> Data shown
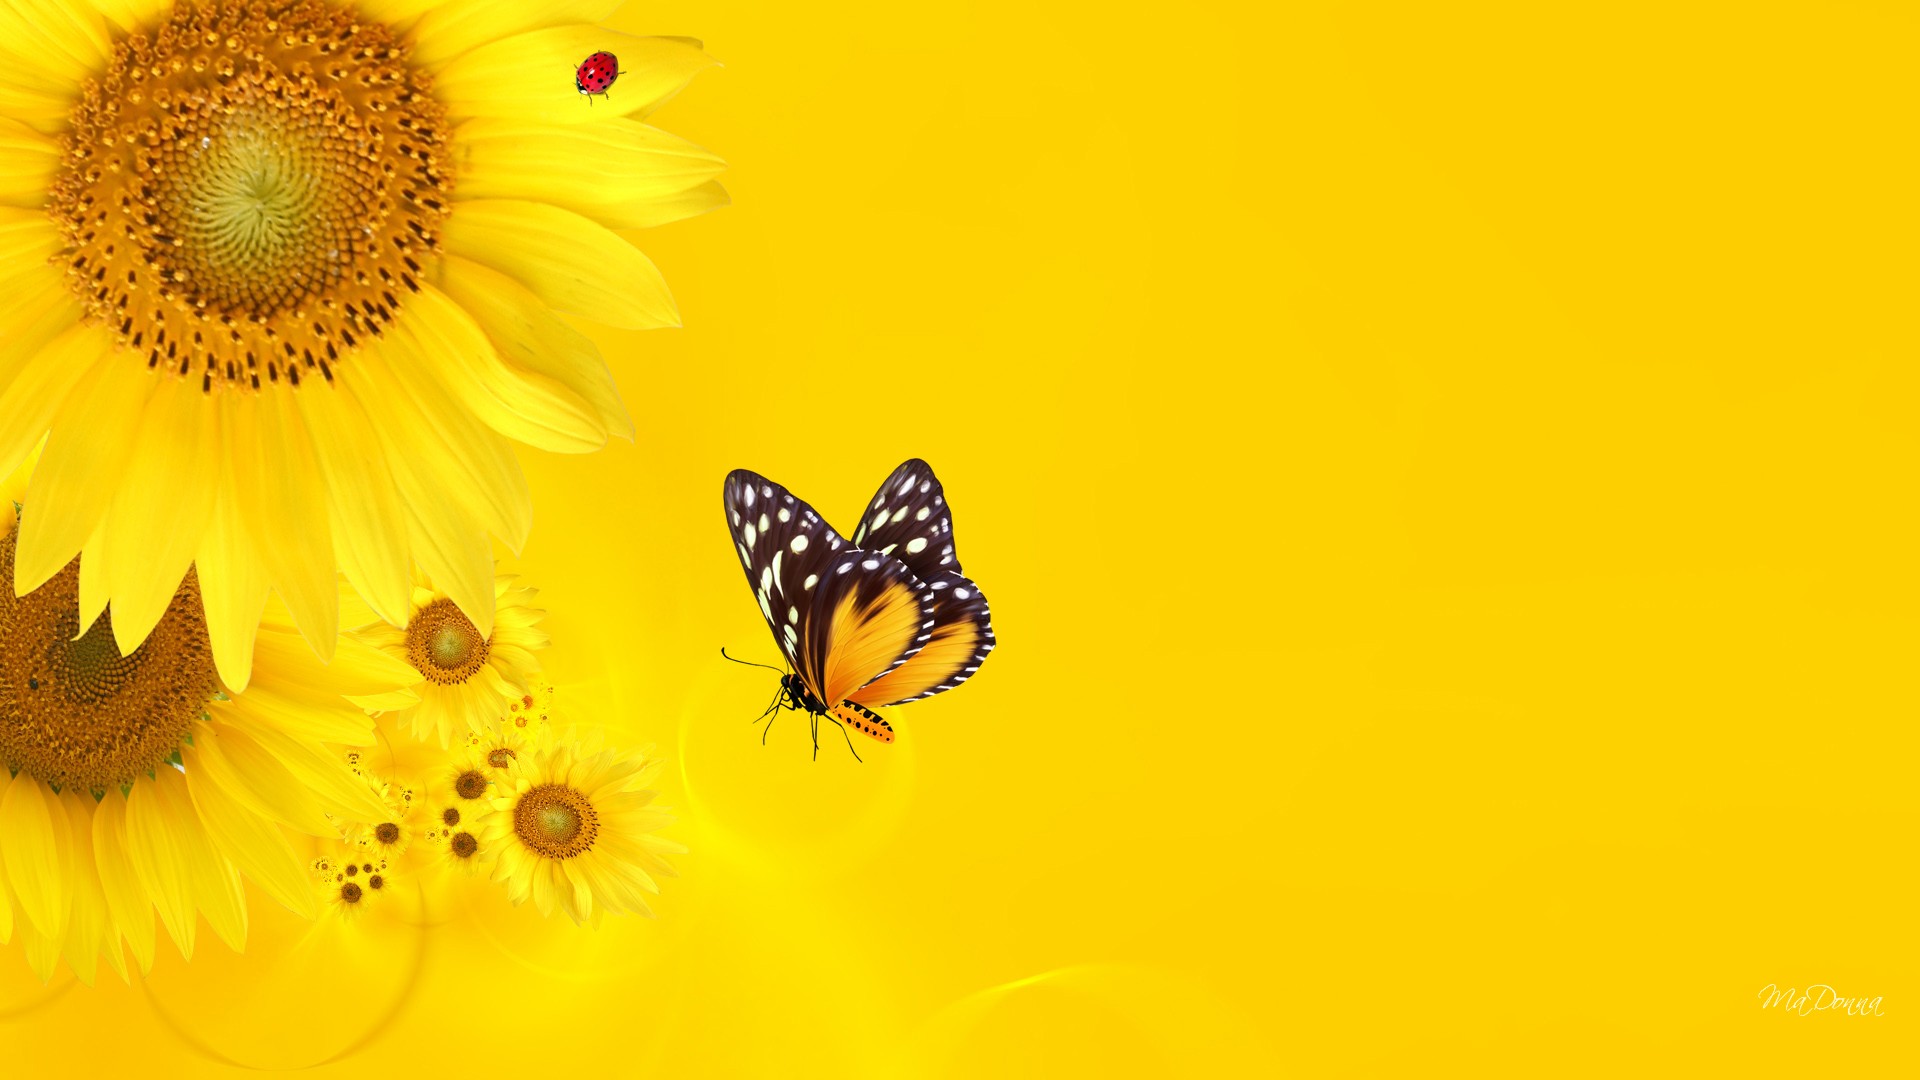 portrait mode wallpaper,cynthia (subgenus),butterfly,insect,yellow,macro photography
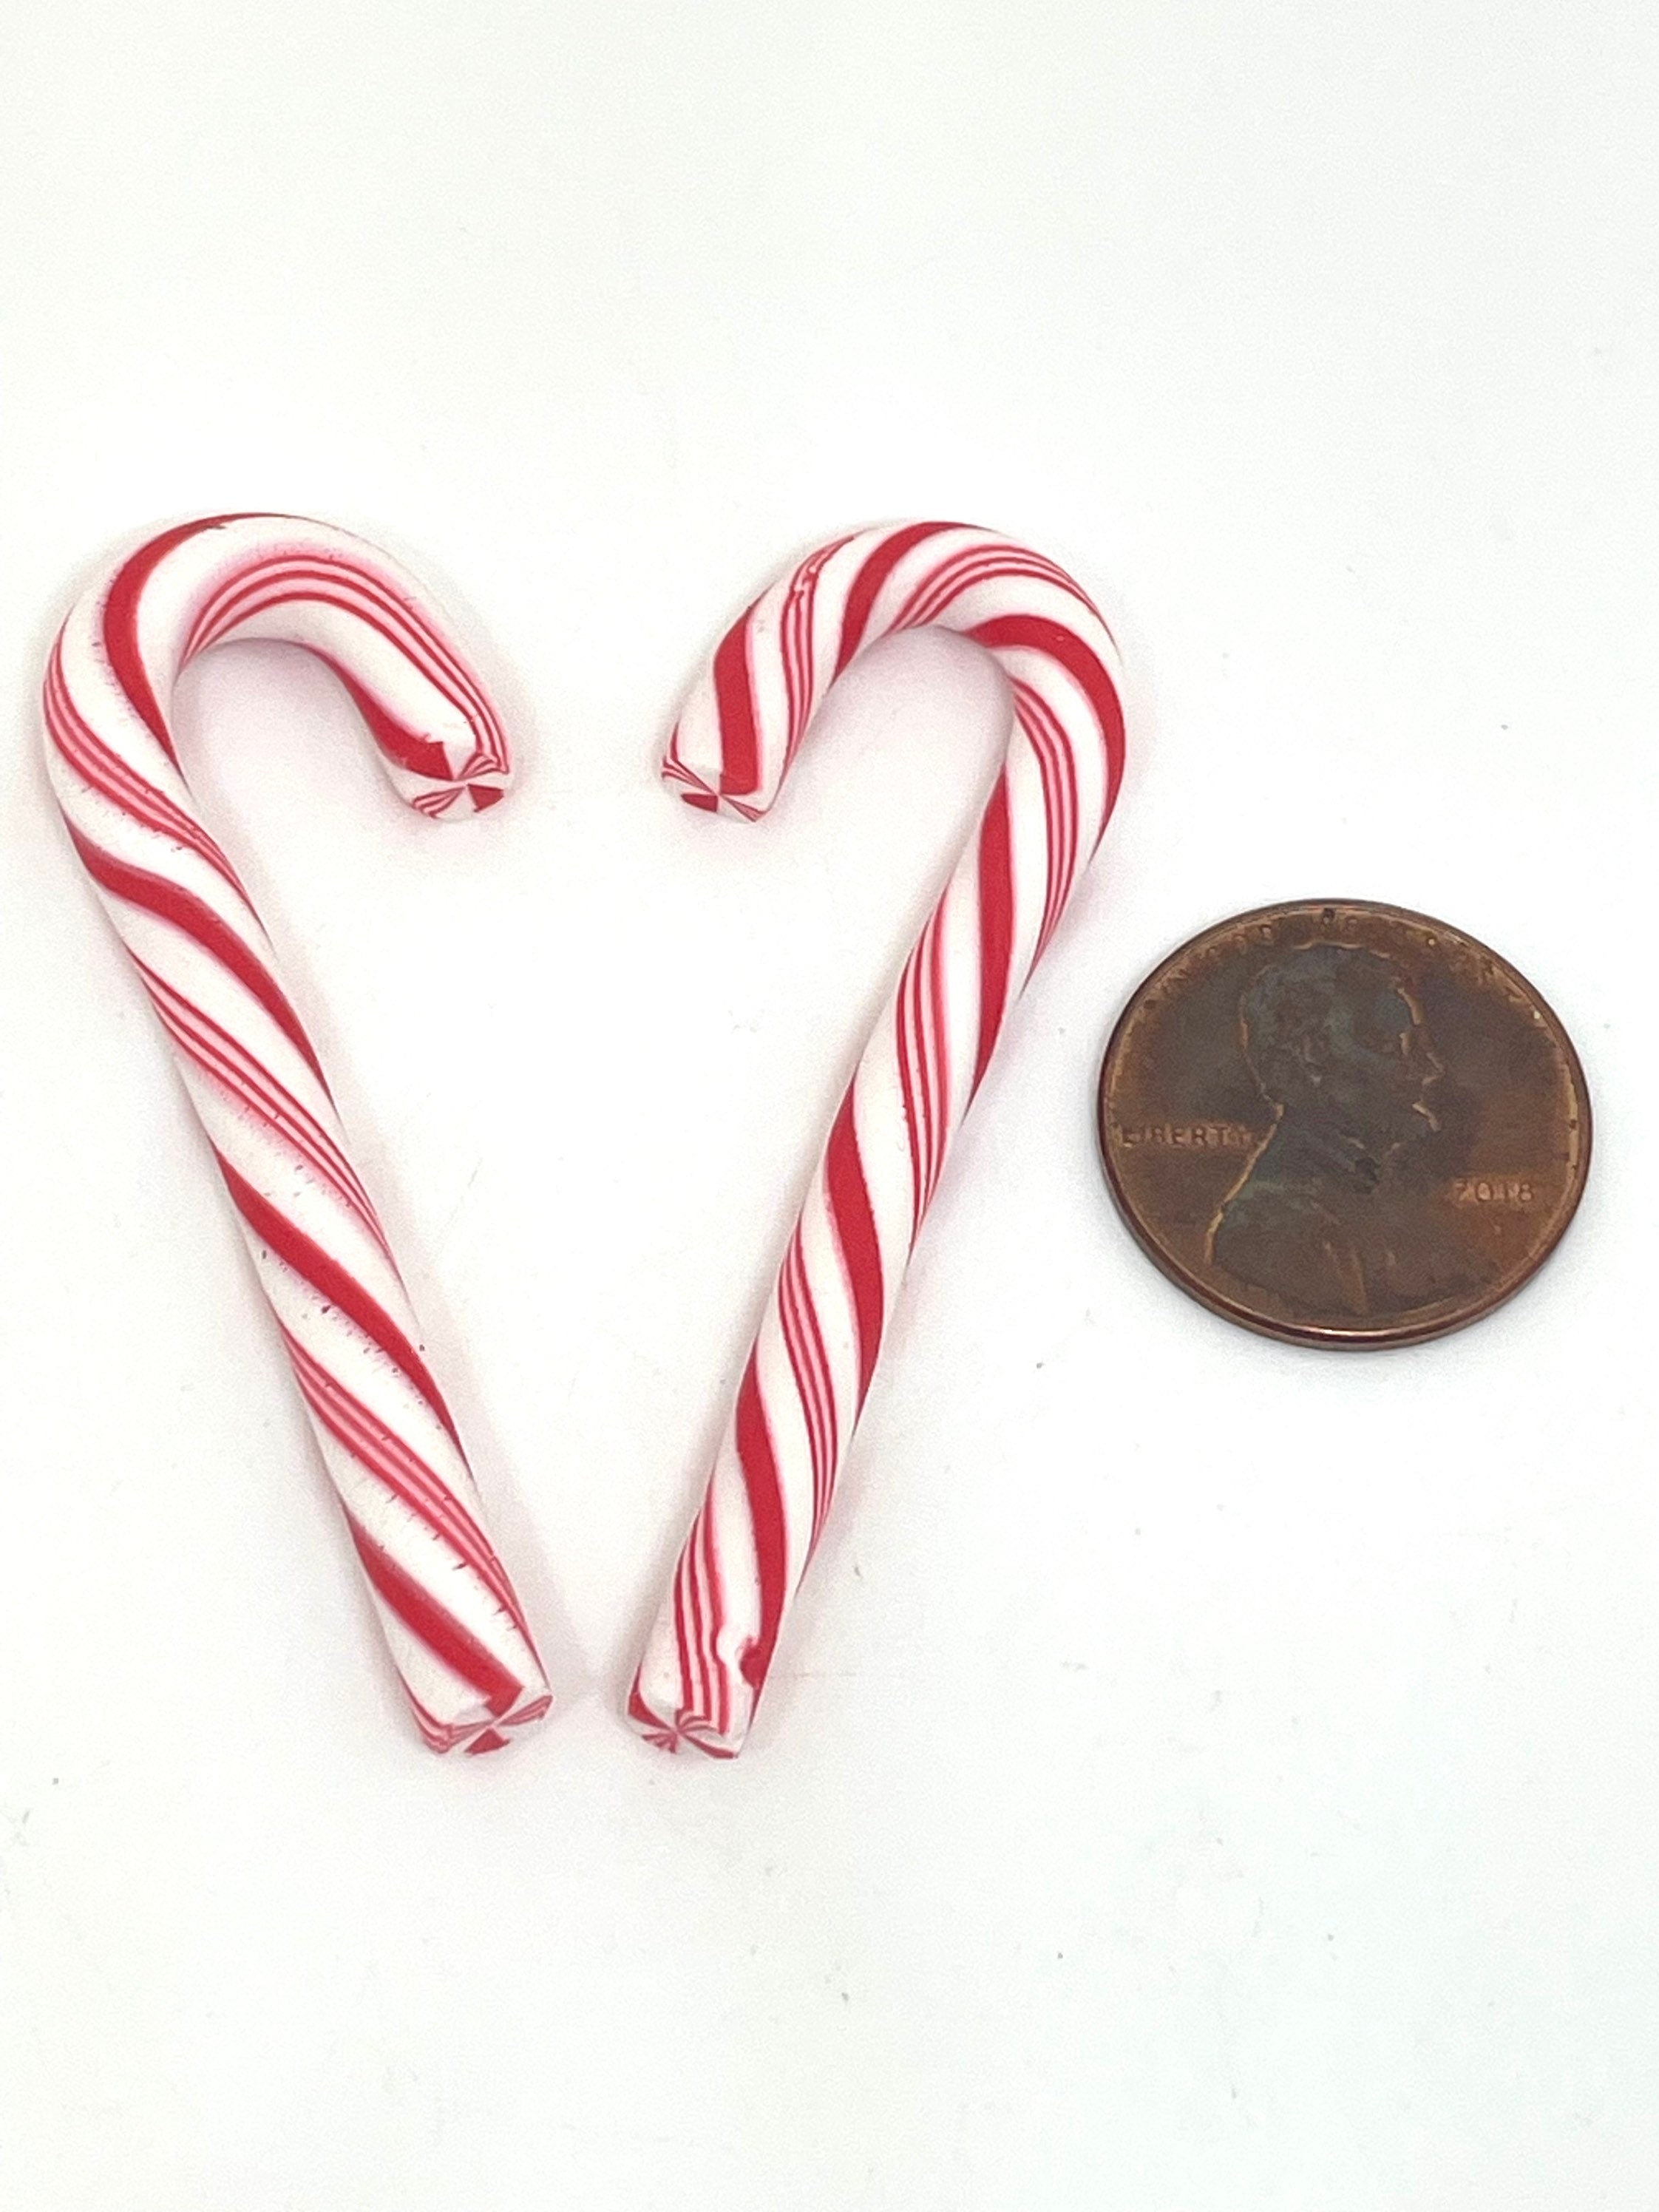 Peppermint Sticks Candy Cane Swirl Charms Fake Candies Charm Solid
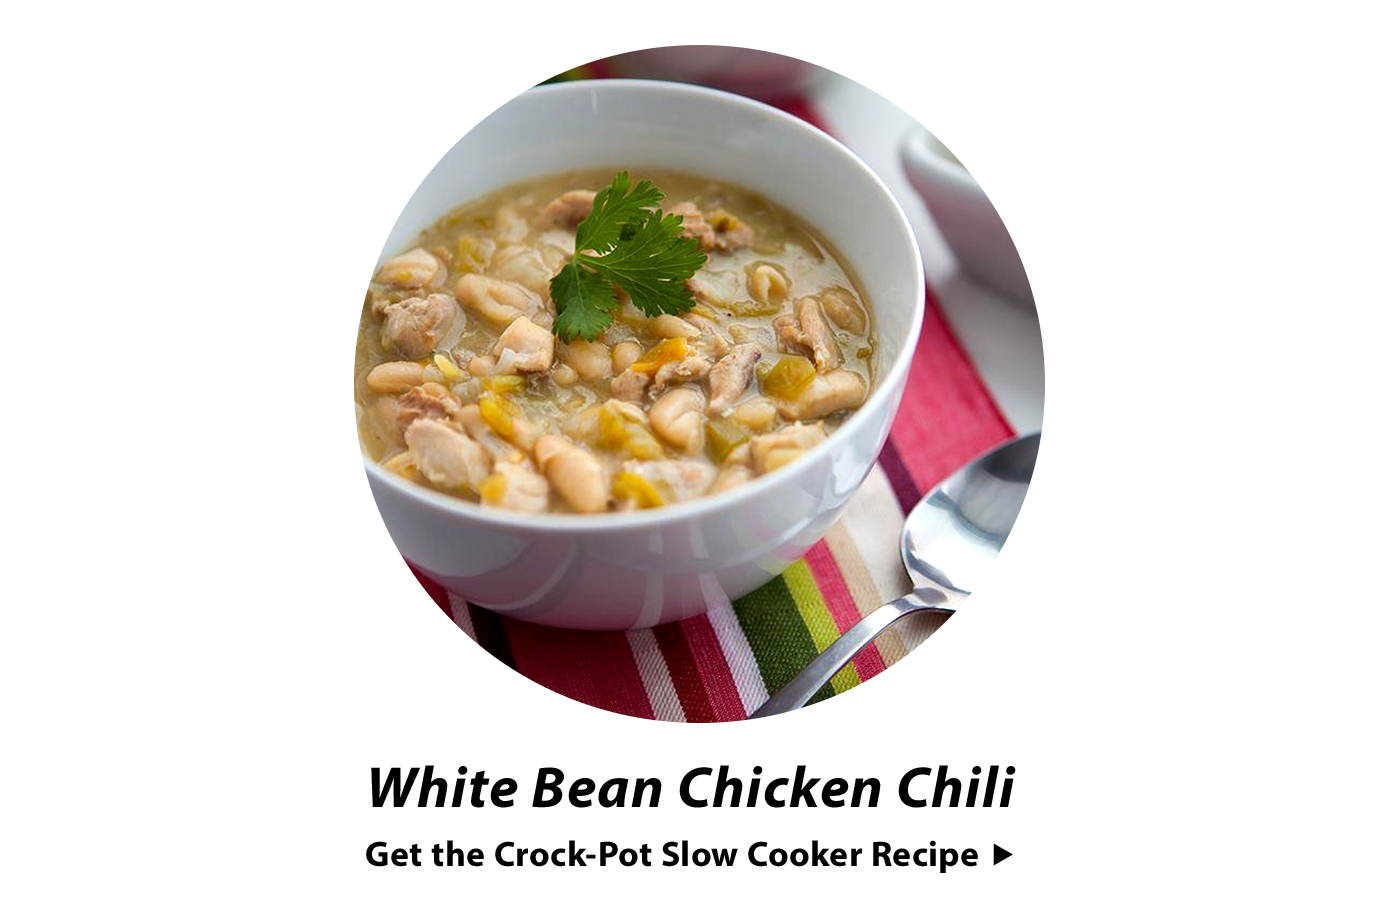 White Bean Chicken Chili. Get the Crock-Pot Slow Cooker Recipe

> Exercise directions
Produce an exact copy of the lines from the line containing "Peppermint Sticks Candy" to the end of the material, both ends included, and omit every picture.

> Response below
 Peppermint Sticks Candy Cane Swirl Charms Fake Candies Charm Solid
 White Bean Chicken Chili. Get the Crock-Pot Slow Cooker Recipe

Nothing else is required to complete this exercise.